I keep returning to this place with my postcard of Caillebotte's Temps de Pluie in the faint hope I can get closer than before to photographing what Caillebotte saw. The traffic signals, trees and parked cars don’t make it easy but the truth is that Caillebotte massively enlarged the roadway in the foreground to create a deeper space for the figures and an unmodified photographic image cannot convey this. My photoshopped abomination (see below) is a crude attempt to show how this might have been done but I’m afraid it’s not very convincing.
Caillebotte chose well when he selected this point where traffic converges from no less than 8 directions. Oppressive wedges of masonry thrust into the field of vision and suggest that a significant part of the artist’s ambition was to explore discrepancies of scale and the impact of those discrepancies on the populace.
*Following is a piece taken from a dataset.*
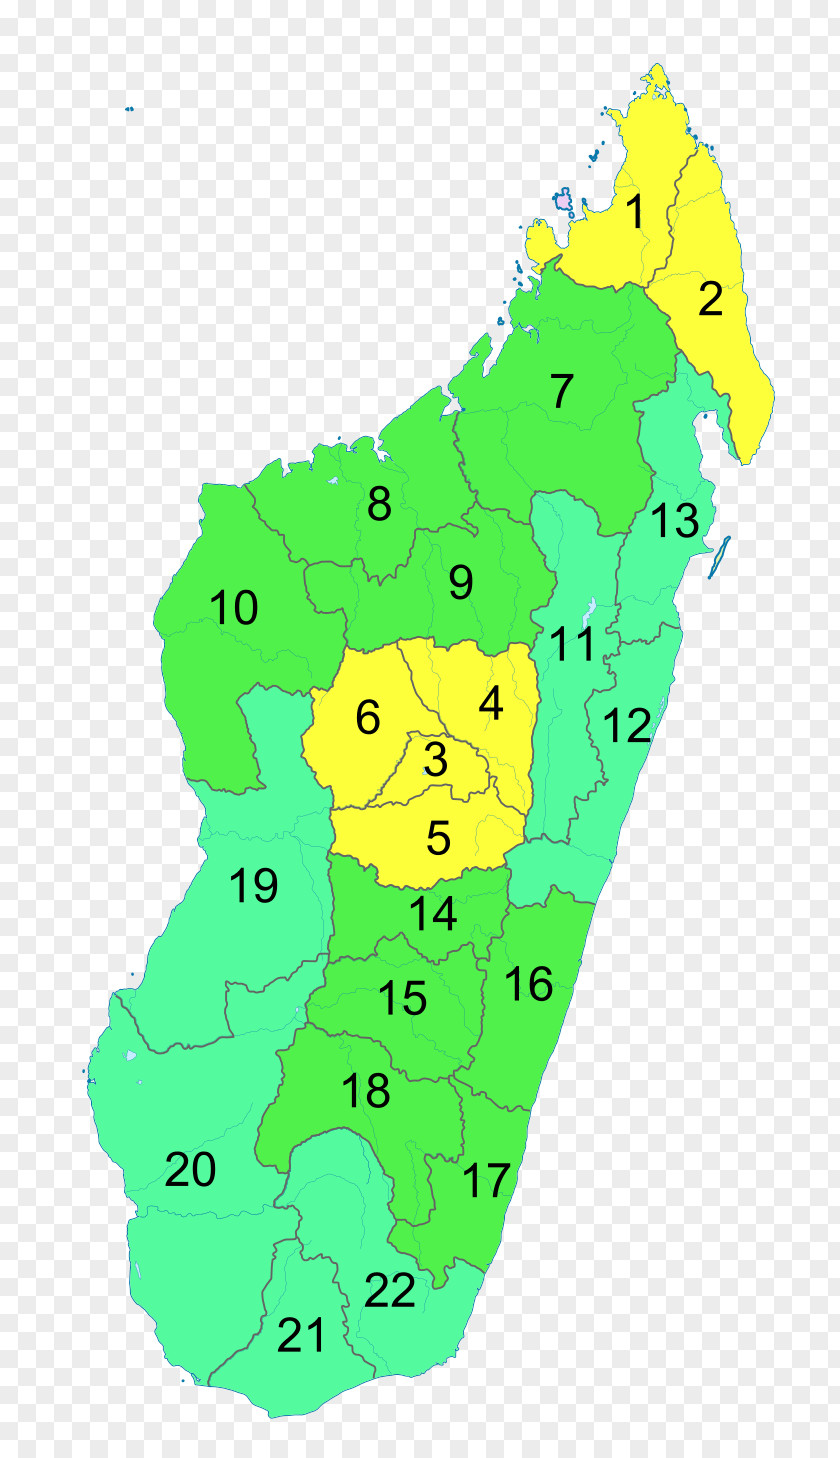 Madagascar Provinces Of Melaky Wikipedia Malagasy Subdivisions PNG

This was the face of the modern metropolis in 1877 and there were many voices that deplored the loss of the city’s ancient street patterns and denounced the replacement buildings for their dehumanising geometry and scale. Temps de Pluie seems to express both fascination with the physical immensity and unease at the dominating presence. The painting has things to say about the ways in which the built environment can affect the deeper levels of human consciousness and how the texture of the world we inhabit contributes to the ways we define ourselves. What makes it a major painting is its poetic presence – the colour values, the tonal subtleties and the atmospheric saturation all combine to offer us a deeply mysterious image that embodies a disturbing sense of alienation in a world of minimal human interaction. A single instance has been abstracted from the great continuum of human experience and exhibited for contemplation as an object of wonder.
Parisian painters thoroughly colonised this corner of the city. Manet’s studio was less than 5 minutes away at 4 rue de St-Pétersbourg and the Caillebotte family home at 77 rue de Miromesnil was not much more than a 10 minute journey on a route that runs across le Pont de l’Europe (scene of Caillebotte’s other major painting) and along rue de Madrid. While in the neighbourhood we photographed some of these places, not to add to the sum of human understanding but because it would have seemed discourteous not to do so. With the added attractions of Gare St-Lazare and its associations with Monet, Zola and Jean Renoir I could be tempted, funds permitting, to buy myself a top floor apartment in the locality and enjoy the sort of views that this young woman can see from her balcony.